Furthermore, to prevent out-of-memory (OOM) scenarios on exceptionally
large EROFS images, the cache implements a strict Global Least Recently
Used (LRU) eviction policy. The maximum cache size is dynamically
configurable via the new '--cache-size' parameter, which defaults to a
safe, fixed threshold of 32 MB.
Signed-off-by: Nithurshen <nithurshen.dev@gmail.com>
---
fsck/main.c | 12 ++++
include/erofs/internal.h | 2 +
lib/data.c | 149 ++++++++++++++++++++++++++++++++++++++-
3 files changed, 160 insertions(+), 3 deletions(-)

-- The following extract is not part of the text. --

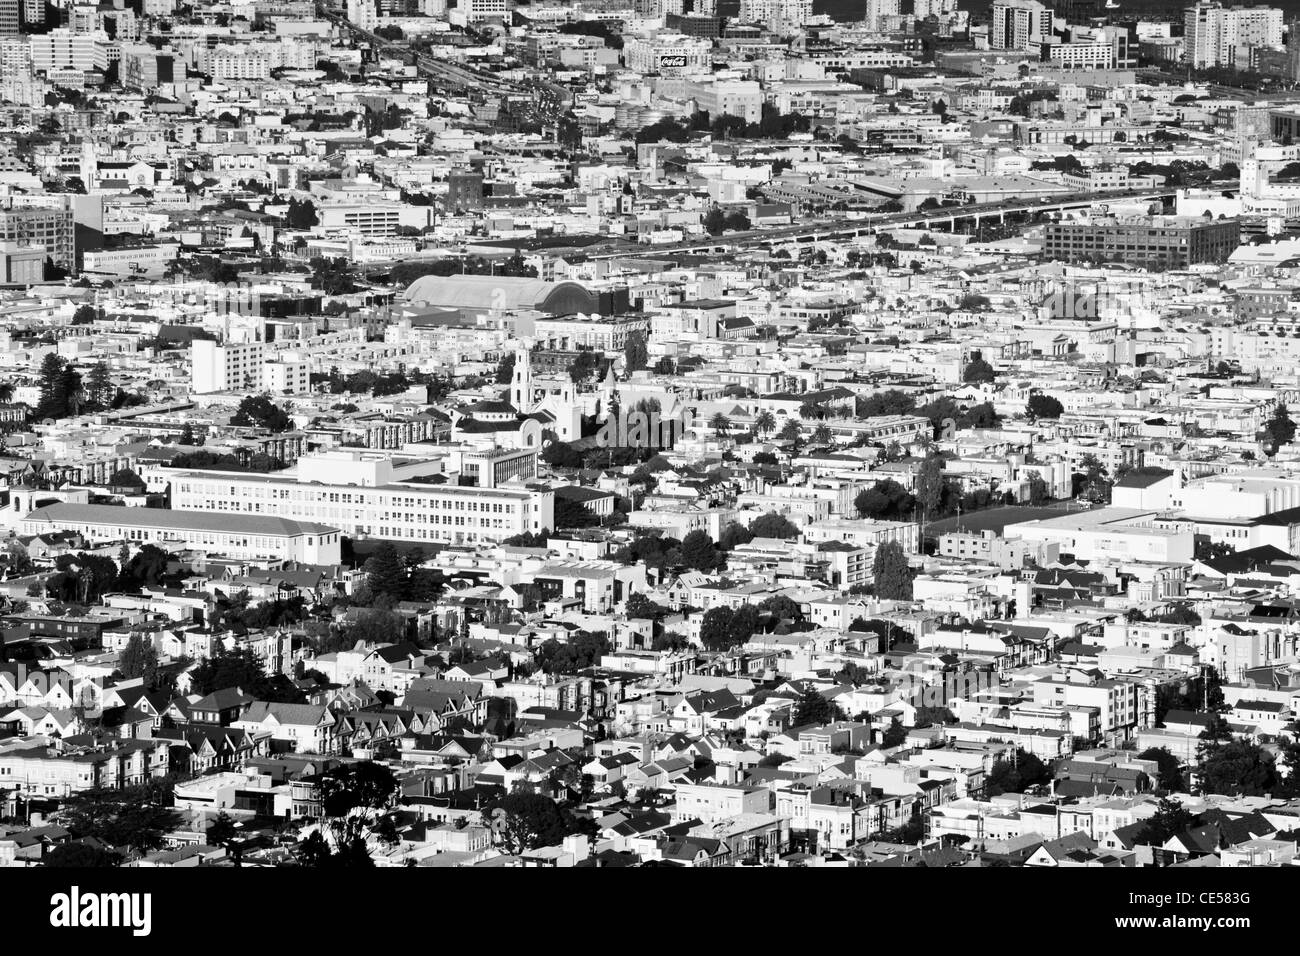 Fotografia in bianco e nero di San Francisco periferia, mostrando il fitto proliferazione urbana di edifici, strade e alberi. Foto Stock

diff --git a/fsck/main.c b/fsck/main.c
index ffe7e29..7a1e573 100644
--- a/fsck/main.c
+++ b/fsck/main.c
@@ -67,6 +67,7 @@ static struct option long_options[] = {
{"no-xattrs", no_argument, 0, 14},
{"nid", required_argument, 0, 15},
{"path", required_argument, 0, 16},
+ {"cache-size", required_argument, 0, 17},
{"no-sbcrc", no_argument, 0, 512},
{0, 0, 0, 0},
};
@@ -120,6 +121,7 @@ static void usage(int argc, char **argv)

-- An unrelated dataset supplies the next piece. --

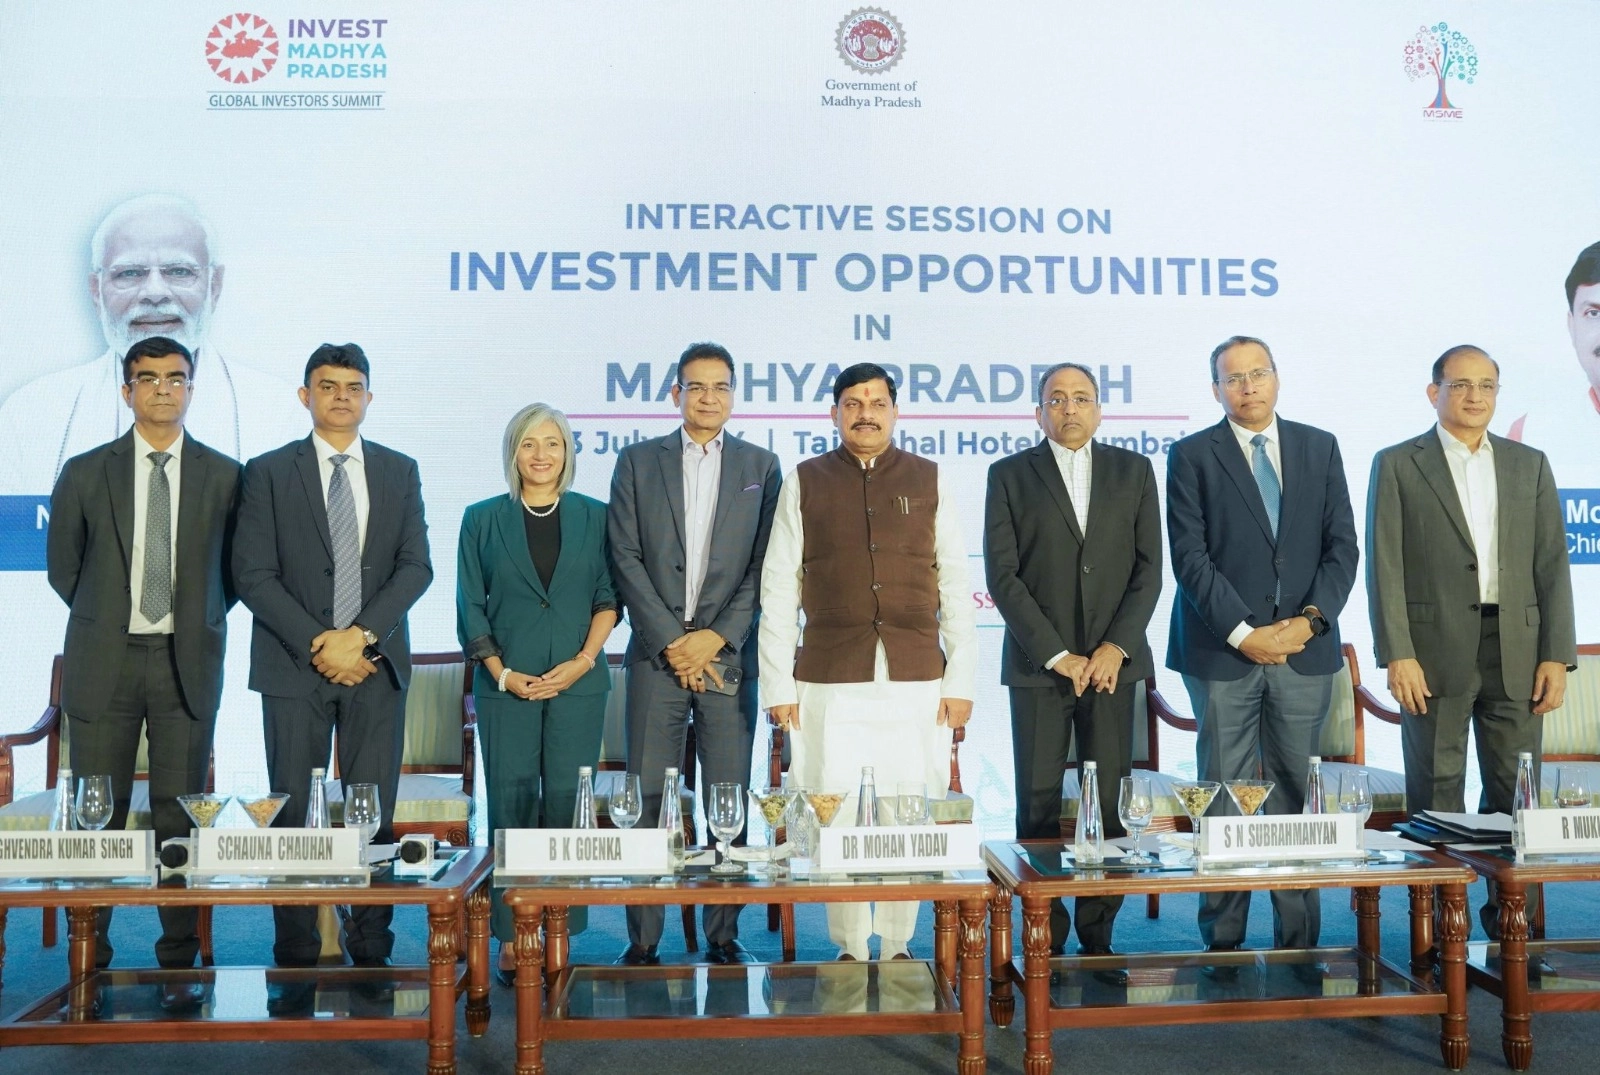 मध्यप्रदेश में निवेश के लिए है अनकूल माहौल, मुंबई में रोड टू GIS-2025 इंटरएक्टिव सेशन में बोले CM डॉ. मोहन यादव - Madhya Pradesh has a favorable environment for investment: CM Dr. Mohan Yadav

" --offset=# skip # bytes at the beginning of IMAGE\n"
" --nid=# check or extract from the target inode of nid #\n"
" --path=X check or extract from the target inode of path X\n"
+ " --cache-size=# set maximum metadata cache size in bytes (default 32MB)\n"
" --no-sbcrc bypass the superblock checksum verification\n"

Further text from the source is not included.